La revue de littérature a identifié les difficultés qu’ont les femmes à progresser dans cette industrie. Ainsi, il existe une ségrégation verticale et une ségrégation horizontale, influencées, entre autres, par les stéréotypes de genre. En effet, les femmes sont sous-représentées dans les postes de pouvoir et les postes stratégiques et se concentrent dans les métiers à prédominance féminine et les postes d’assistantes.

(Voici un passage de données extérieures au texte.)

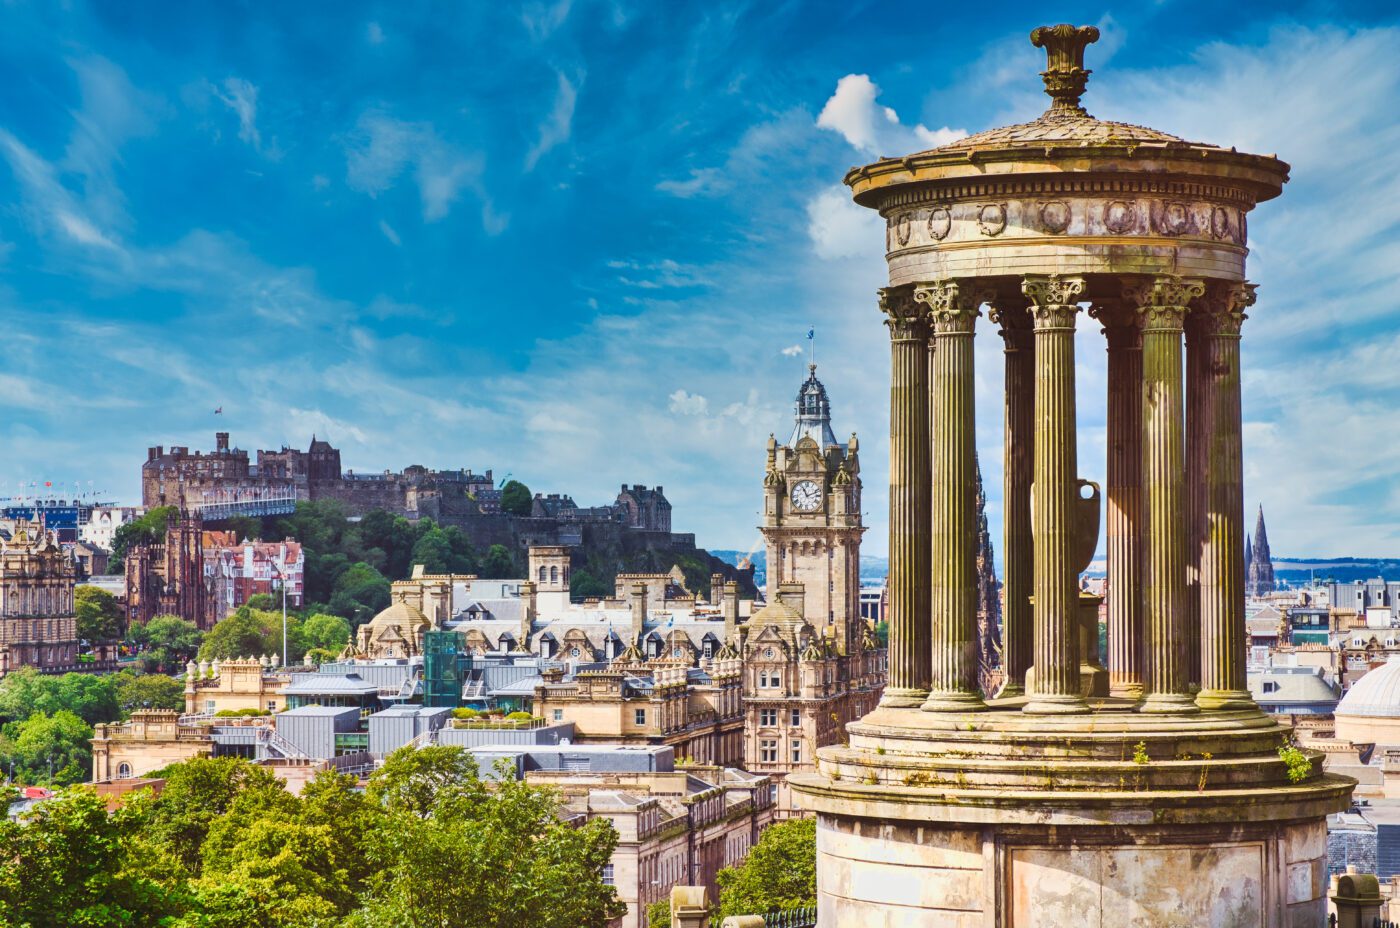 Views of the city from Calton Hill, featuring the Dugald Stewart Monument

Ainsi, les obstacles qui peuvent contribuer au plafonnement de carrière des femmes sont nombreux : 1) les stéréotypes de genre qui renforcent les rôles sexuels stéréotypés chez les individus; 2) l’effet de la masse critique qui renforce les stéréotypes de genre et qui met l’accent sur les différences sexuées des femmes dans une position minoritaire; 3) le double standard, car les performances des femmes au travail sont jugées plus sévèrement que celles des hommes ; 4) la double contrainte créant une certaine ambiguïté autour des comportements à adopter par les femmes sur les plateaux de tournage; 5) les normes organisationnelles de présentéisme désavantageuses pour les femmes; 6) le recrutement informel prisé dans ce milieu contribue à limiter l’accès des femmes de certains métiers, car elles ne sont pas présentes dans les « Old Boys Club » qui privilégient l’embauche de leurs semblables; 7) des mentors moins efficaces pour les femmes; 8) l’instabilité du milieu, la précarité financière qui émane des emplois temporaires, les longues heures de travail, la dispersion géographique des lieux de tournage et la disponibilité accrue qui est demandée sont des conditions de travail qui désavantageraient les mères, car elles auraient de la difficulté à équilibrer leur vie professionnelle et personnelle; 9) l’état civil et une structure familiale traditionnelle ajoutent une pression supplémentaire aux femmes qui vivent en couple à double carrière et 10) l’ambition professionnelle et les aspirations de carrière tendent à diminuer en vieillissant, car

les nombreuses difficultés rencontrées tout au long de la carrière par les femmes les conduisent parfois à revoir leurs ambitions à la baisse. Tous ces facteurs peuvent avoir une incidence négative sur la progression de carrière des femmes en les empêchant de gravir les échelons hiérarchiques de leur profession.

La question de recherche qui nous préoccupe est donc la suivante : quels sont les facteurs qui ont une incidence sur le succès objectif de carrière des assistantes accessoiristes de plateau dans l’industrie cinématographique au Québec?